Department of Ophthalmology, Erciyes University School of Medicine, Kayseri, Turkey.
Int Ophthalmol. 2023 Nov;43(11):4323-4331. doi: 10.1007/s10792-023-02844-6. Epub 2023 Aug 31.
The purpose of the study was to investigate the parapapillary choroidal microvasculature in thyroid eye disease (TED) using optical coherence tomography angiography (OCTA).
Only one eye of each subject was included in the study. Patients with TED and controls were included in the study. Participants were divided into three groups: control, inactive TED (ITED) and active TED (ATED). OCTA scans of the optic discs were obtained in a 4.5 × 4.5-mm rectangular area. Radial peripapillary capillary (RPC) density and peripapillary retinal nerve fibre layer (pRNFL) thickness were automatically calculated by the device software. Parapapillary choroidal microvasculature (PPCMv) density was automatically calculated using MATLAB software.

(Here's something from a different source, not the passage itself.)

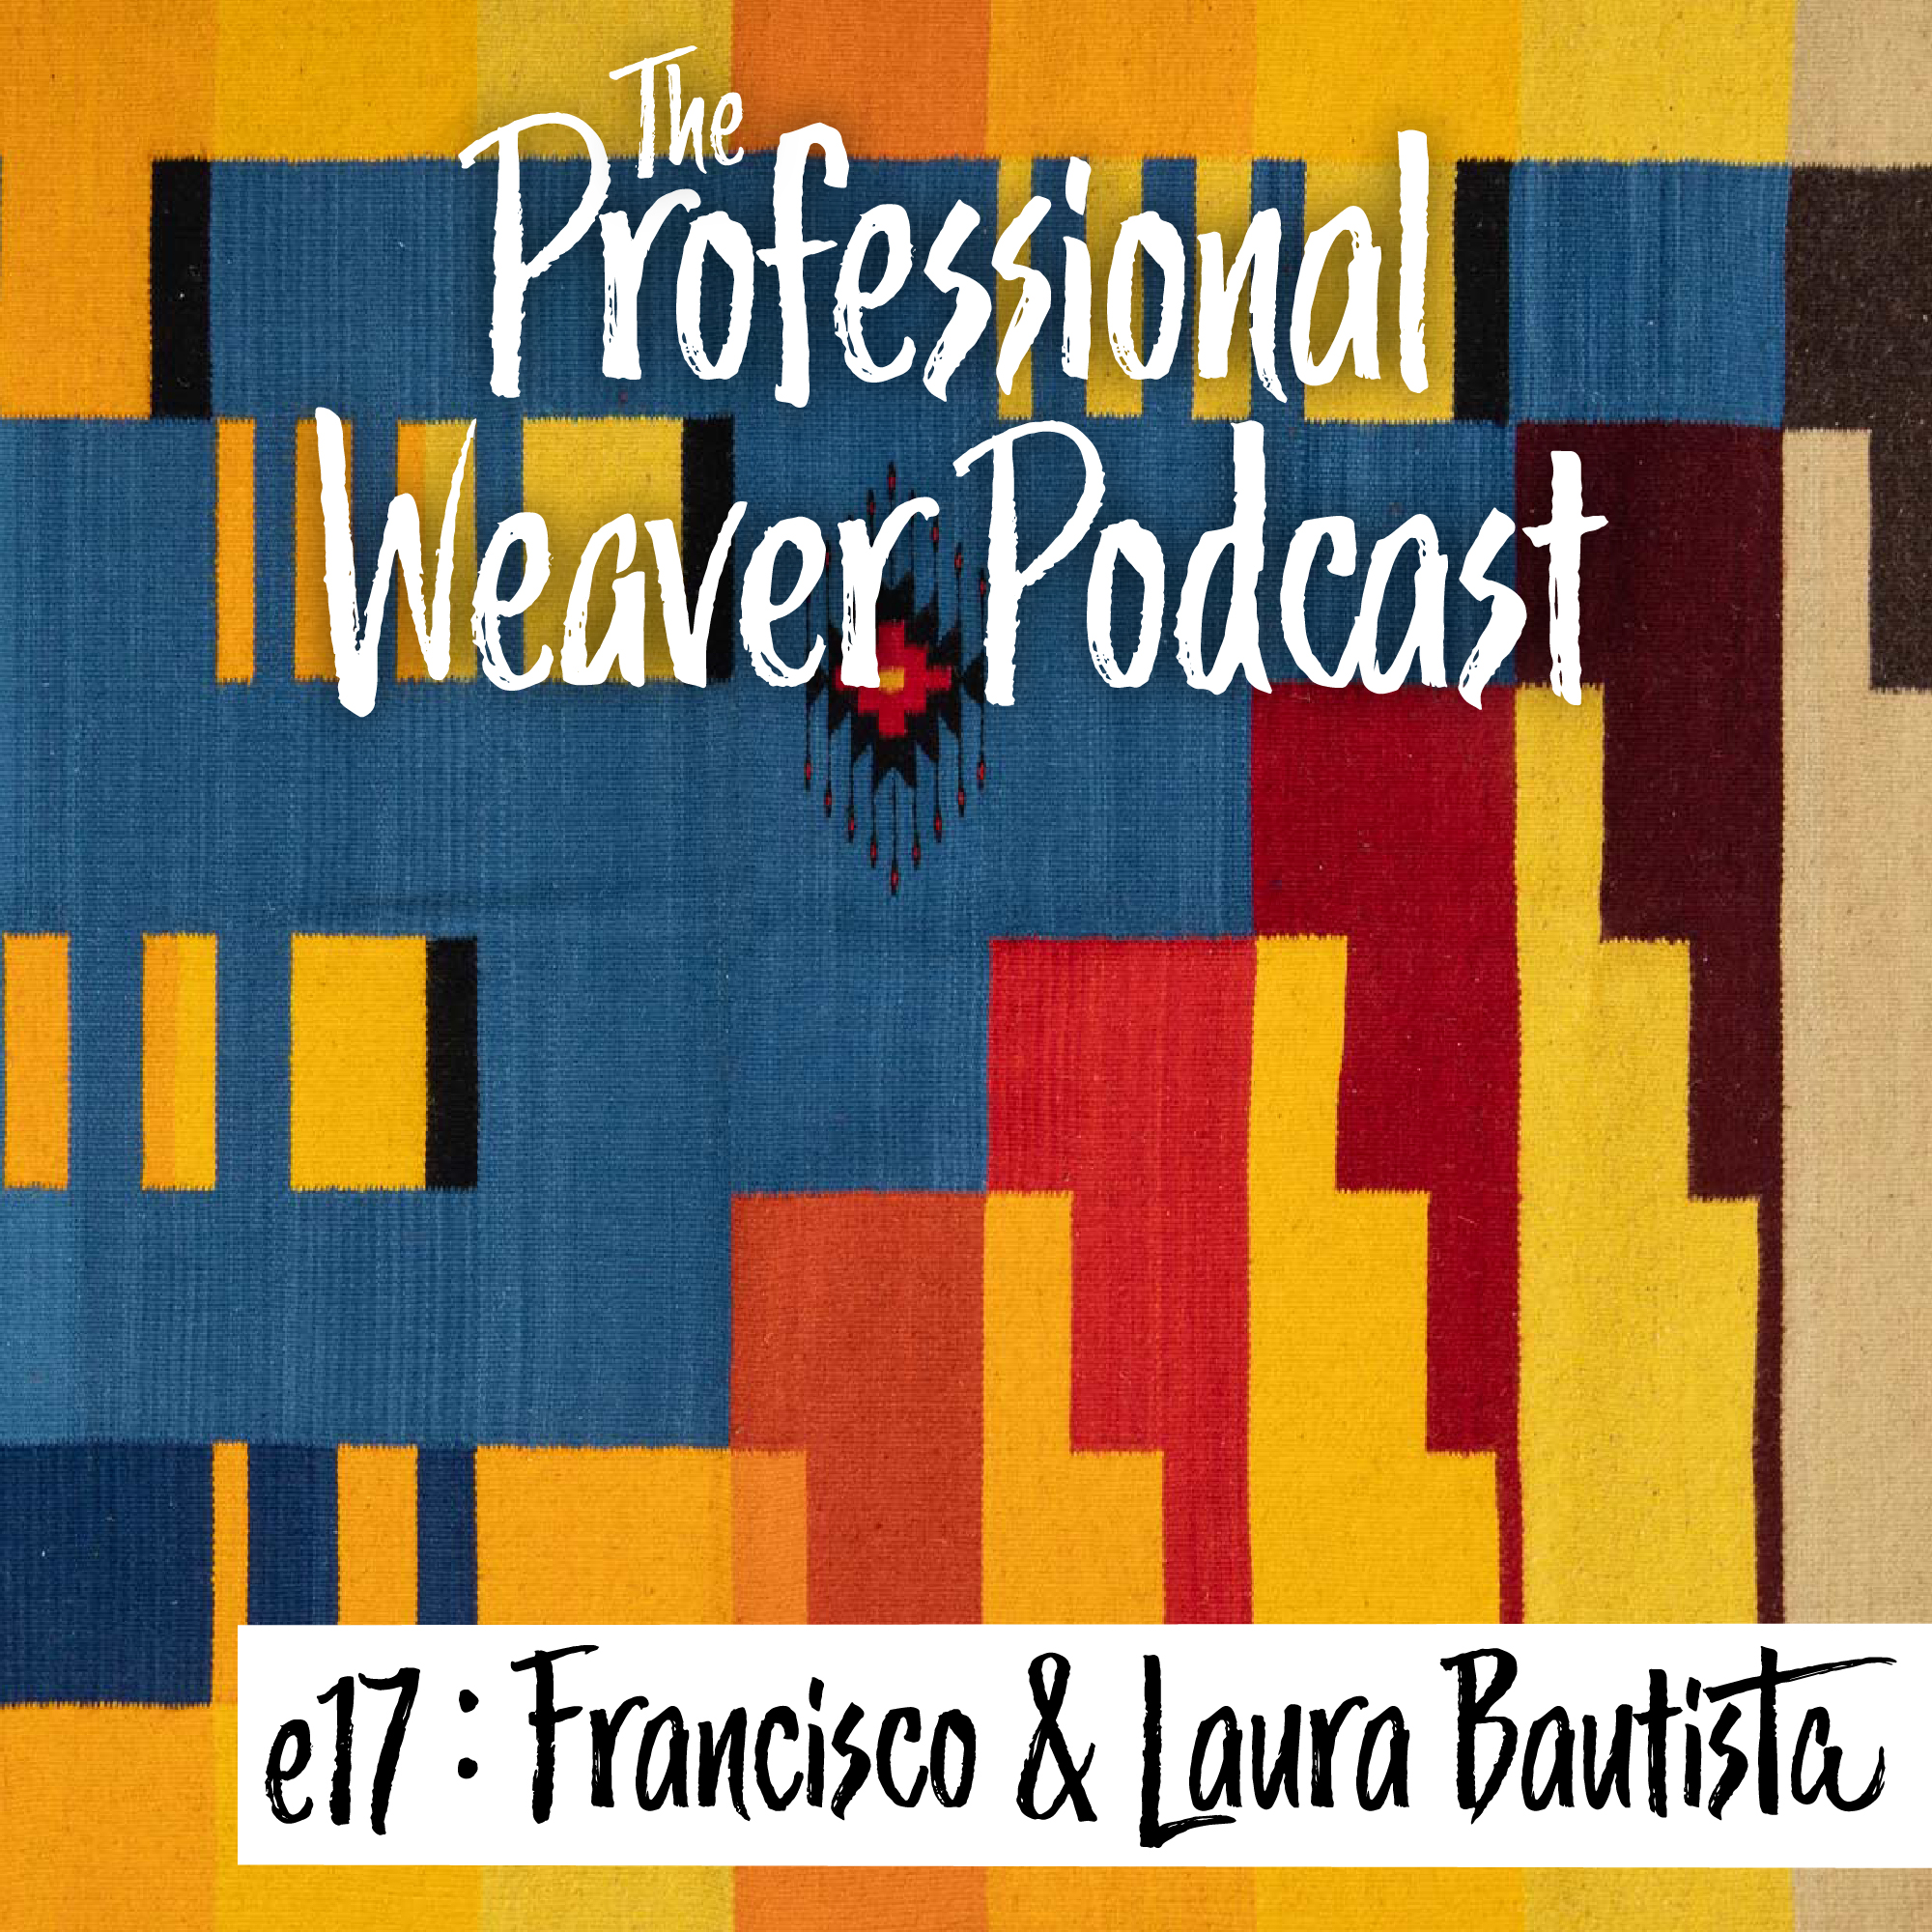 Pro Weaver Podcast : Episode 17 : Francisco & Laura Bautista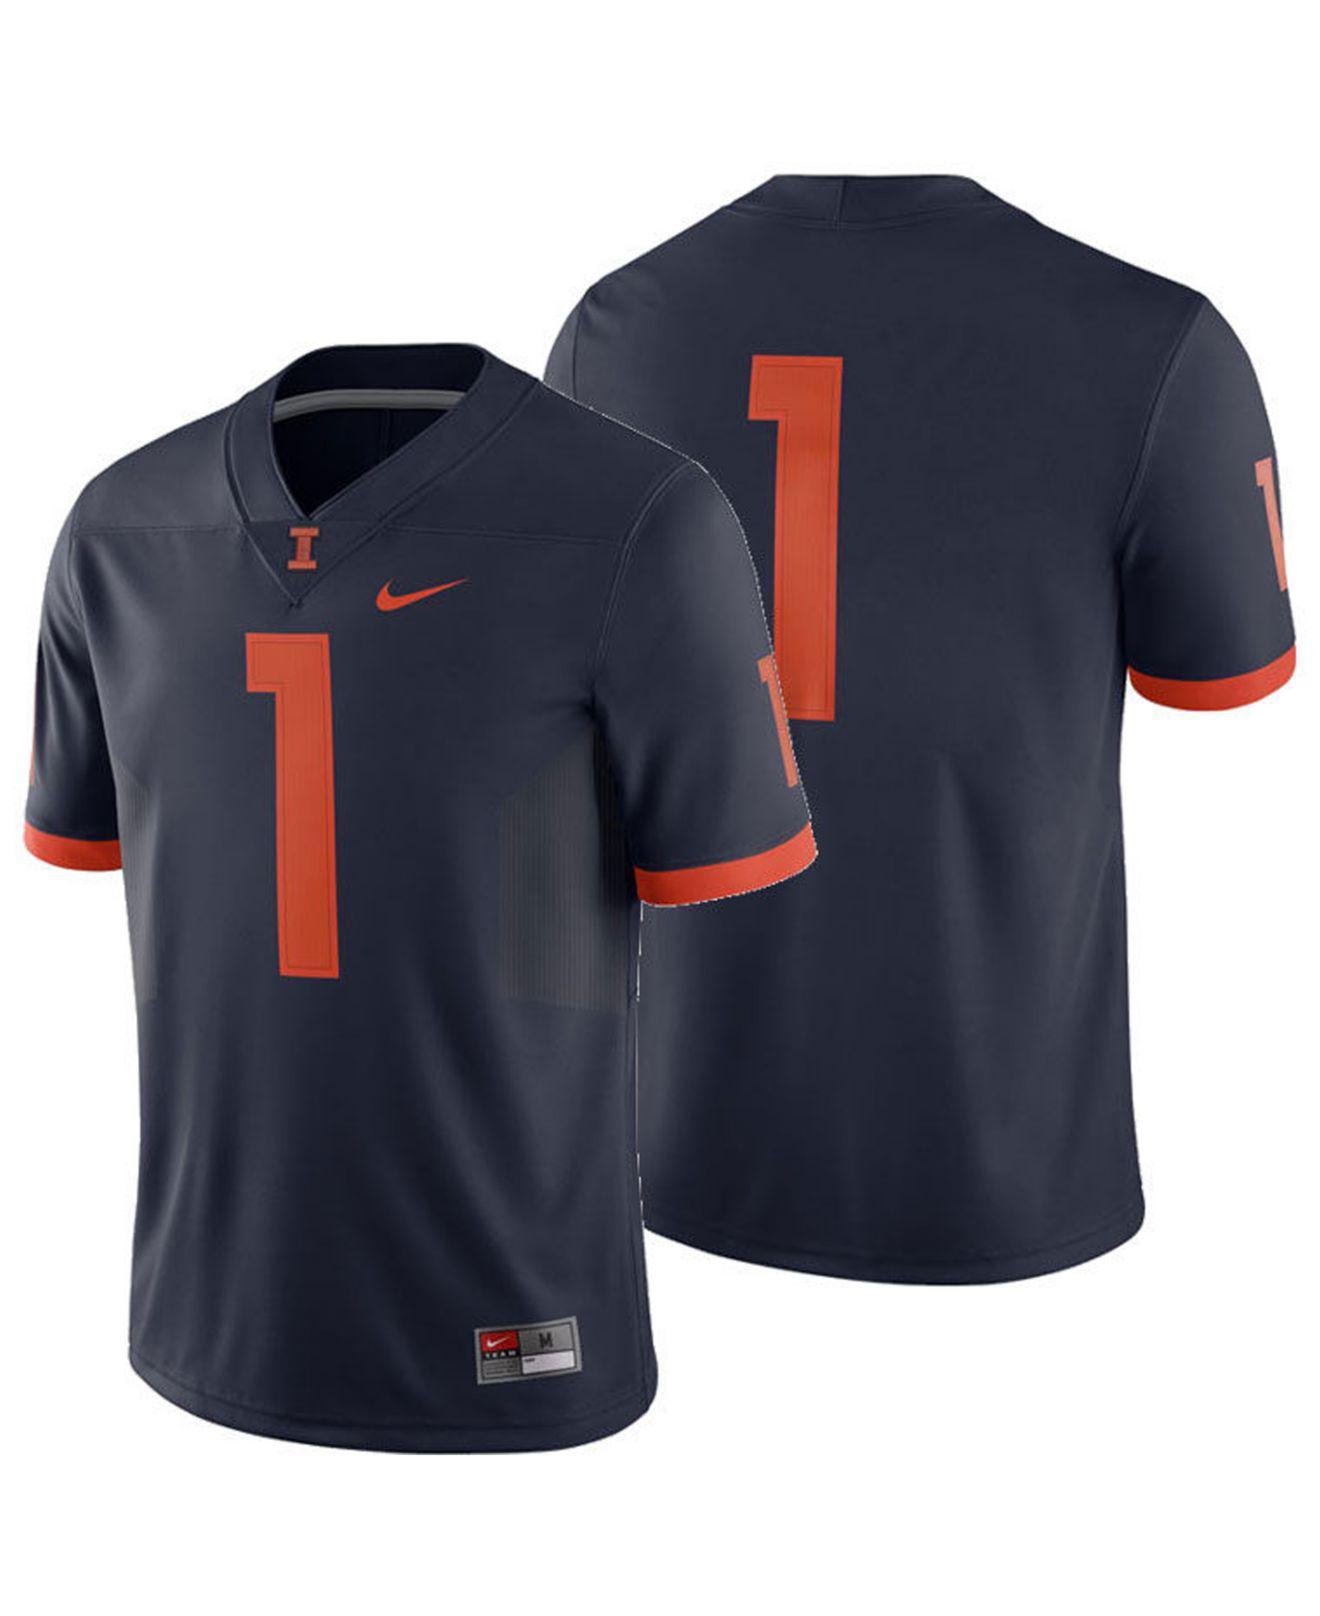 dfd253a5295 Lyst - Nike Illinois Fighting Illini Football Replica Game Jersey in ...

Forty-one patients with TED and 40 controls were included in the study. RPC density was significantly decreased in the ATED and dysthyroid optic neuropathy (DON) group compared to the controls and ITED group. There was significant increase in pRNFL in the ATED group. PPCMv density increased in the ATED group compared to the controls in whole ring area. The RPC density was significantly correlated with the TSHr Ab level (r < - 0.396, p < 0.001). Clinical activity score correlated positively with PPCMv density (r = 0.349, p = 0.001) but negatively with RPC density (r = - 0.321, p = 0.004).
Changes in peripapillary microvascular perfusion may play a role in the development of DON. As the severity of TED increases with clinical activity, so do the changes observed in peripapillary parameters. The decrease in RPC density may be due to compression caused by optic disc oedema, which may result in reduced blood flow. The increase in PPCMv density may be related to factors such as orbital congestion.
本研究旨在通过光相干断层扫描血管造影术(OCTA)研究甲状腺相关眼病(TED)的视盘旁脉络膜微血管。
本研究仅纳入每位患者的一只眼。将 TED 患者和对照组纳入研究。将参与者分为三组:对照组、非活动型 TED(ITED)和活动型 TED(ATED)。在 4.5×4.5mm 的矩形区域内获得视盘 OCTA 扫描。设备软件自动计算径向神经纤维层(RPC)密度和神经纤维层(pRNFL)厚度。使用 MATLAB 软件自动计算视盘旁脉络膜微血管(PPCMv)密度。
本研究纳入 41 例 TED 患者和 40 例对照组。与对照组和 ITED 组相比,ATED 和甲状腺毒性视神经病变(DON)组的 RPC 密度显著降低。ATED 组的 pRNFL 显著增加。与对照组相比,ATED 组的 PPCMv 密度在整个环区均增加。RPC 密度与 TSHr Ab 水平呈显著负相关(r< -0.396,p<0.001)。临床活动评分与 PPCMv 密度呈正相关(r=0.349,p=0.001),与 RPC 密度呈负相关(r=-0.321,p=0.004)。
视盘旁微血管灌注的变化可能在 DON 的发生发展中起作用。随着 TED 的临床活动程度增加,视盘旁参数的变化也随之增加。RPC 密度的降低可能是由于视盘水肿引起的视神经压迫,导致血流减少。PPCMv 密度的增加可能与眼眶充血等因素有关。